Department of Psychology, University of Manchester, Manchester M13 9PL

reason@psy.man.ac.uk

The first 150 words of the full text of this article appear below.

The human error problem can be viewed in two ways: the person approach and the system approach. Each has its model of error causation and each model gives rise to quite different philosophies of error management. Understanding these differences has important practical implications for coping with the ever present risk of mishaps in clinical practice.

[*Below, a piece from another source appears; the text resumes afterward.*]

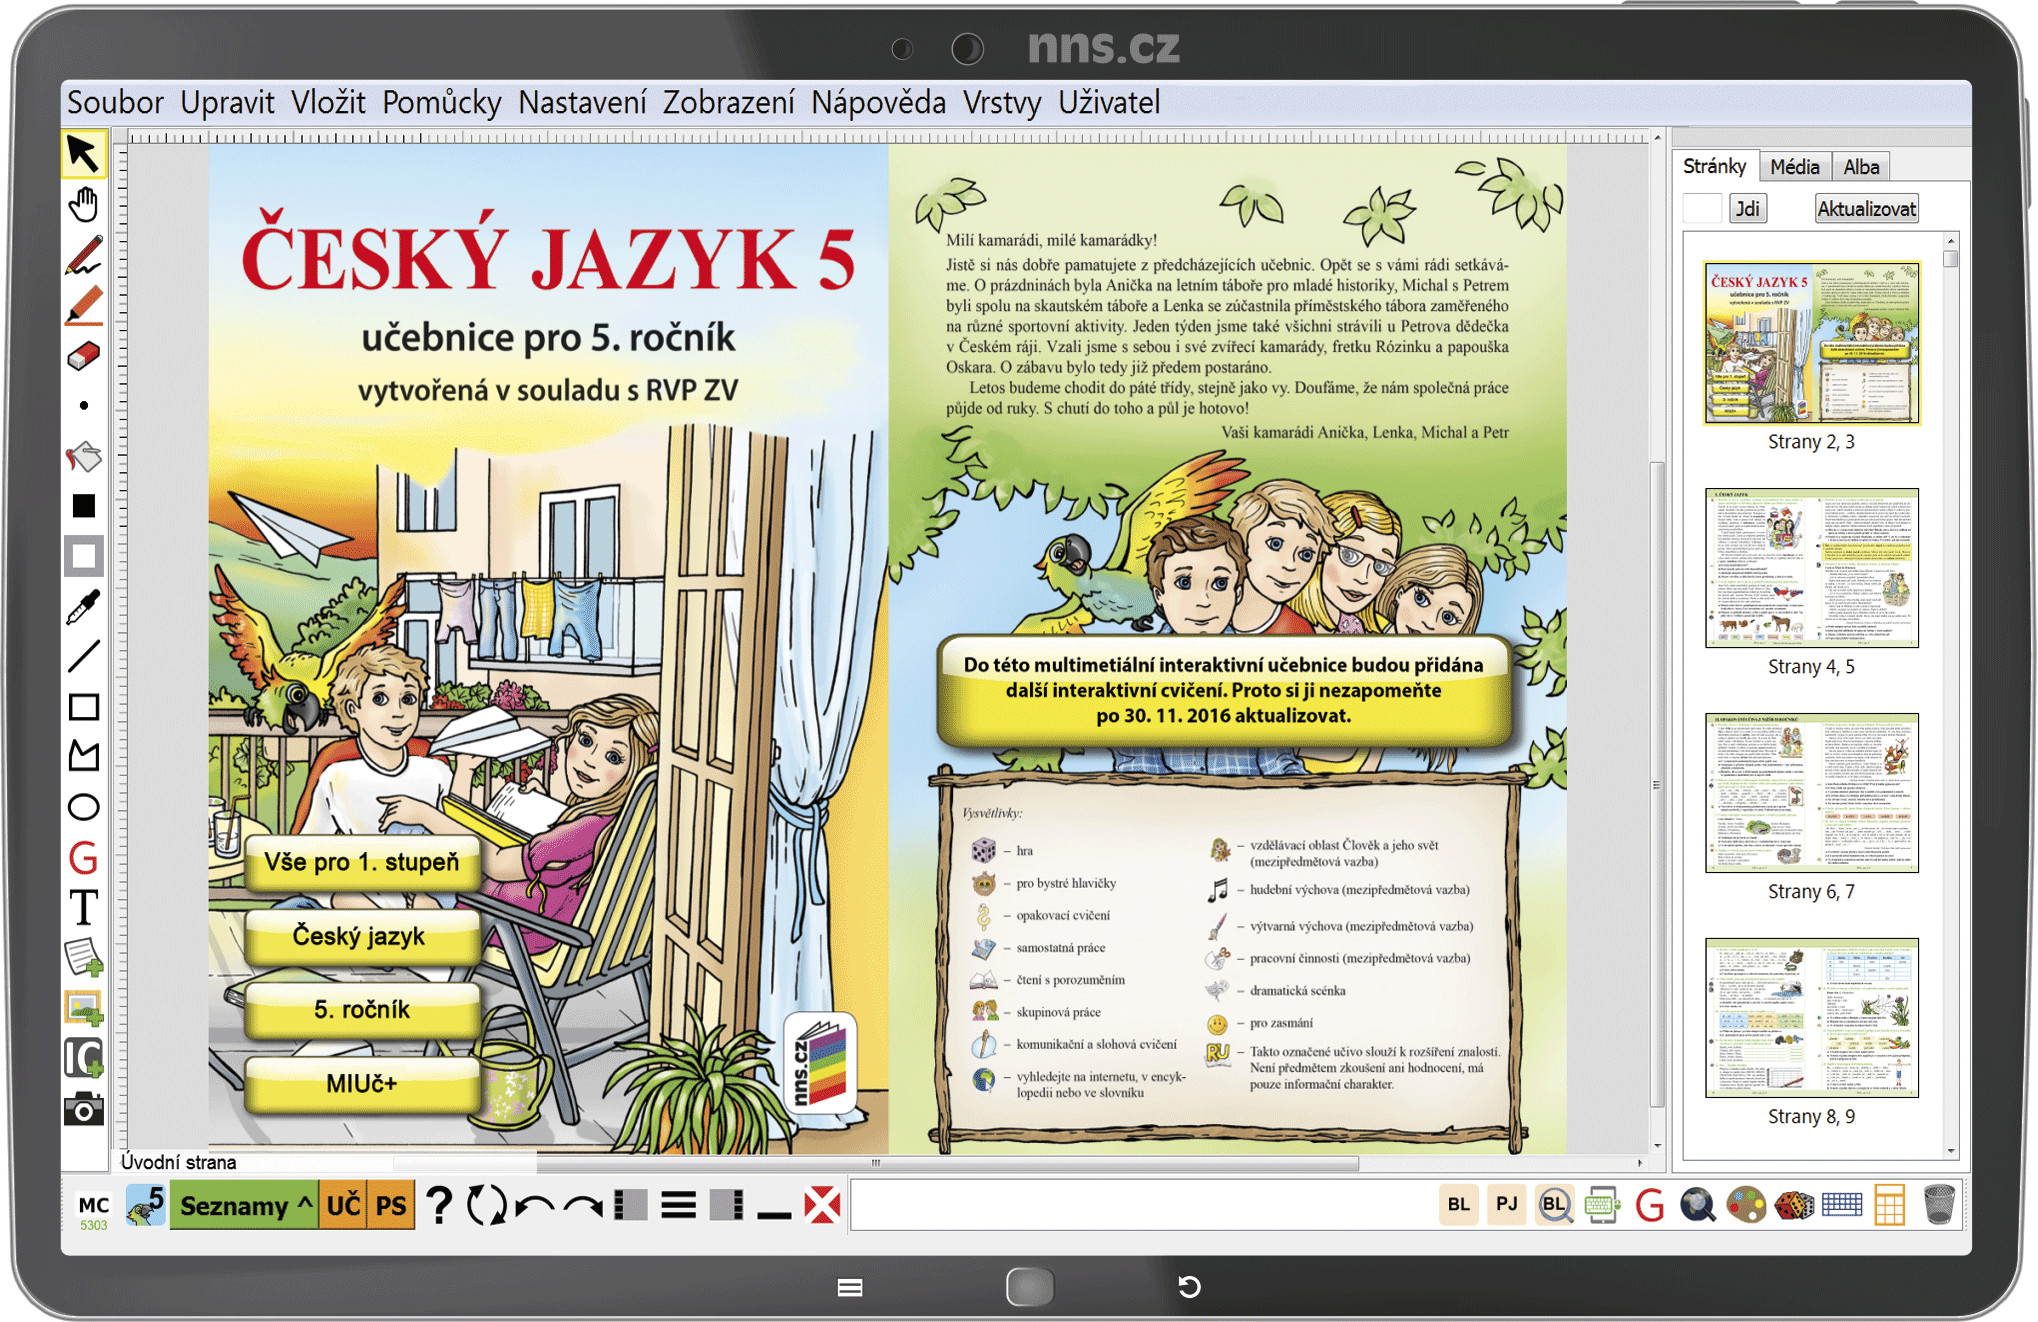 MIUč+ Český jazyk 5 – školní licence pro 1 učitele na 1 školní rok
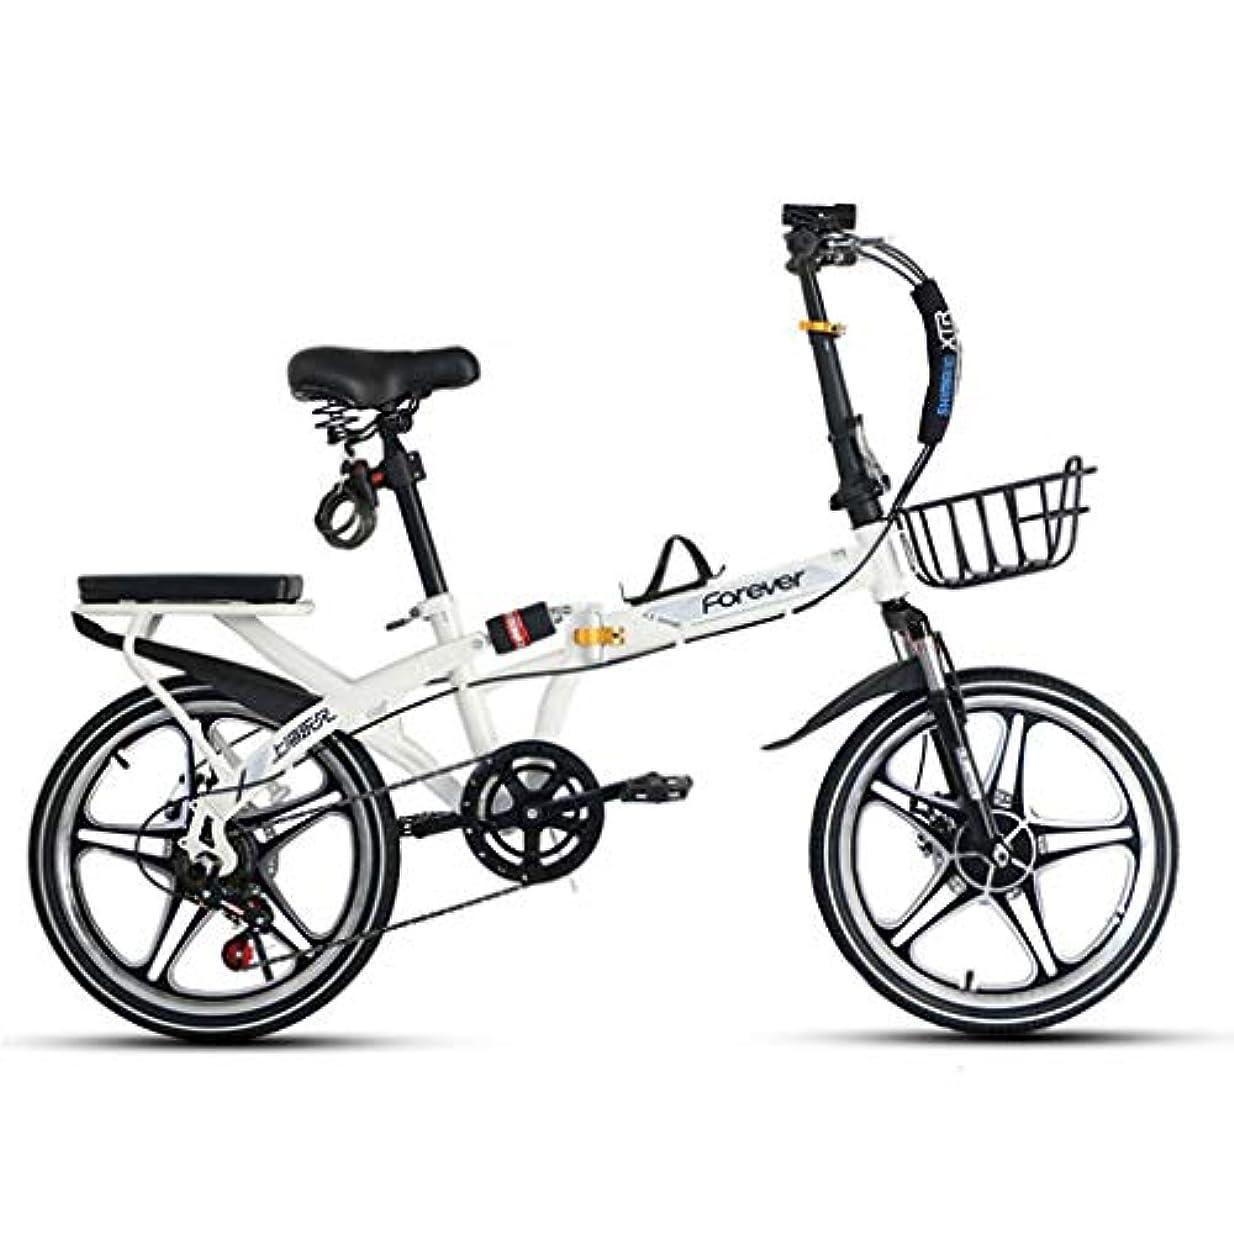 君主溶融飲み込む折りたたみ自転車 20インチ,クロスバイク 7段速,超軽量折りたたみ 自転車,デュアルショックアブソーバーを装備,ダブルディスクブレーキ,ユニセックス折りたたみ自転車

Table Removed (Available Only in the Full Text)


    Person approach

The longstanding and widespread tradition of the person approach focuses on the unsafe acts---errors and procedural violations---of people at the sharp end: nurses, physicians, surgeons, anaesthetists, pharmacists, and the like. It views these unsafe acts as arising primarily from aberrant mental processes such as forgetfulness, inattention, poor motivation, carelessness, negligence, and recklessness. Naturally enough, the associated countermeasures are directed mainly at reducing unwanted variability in human behaviour. These methods include poster campaigns that appeal to people's sense of fear, writing another procedure (or adding to existing ones), disciplinary measures, threat of litigation, retraining, . . . [Full text of this article]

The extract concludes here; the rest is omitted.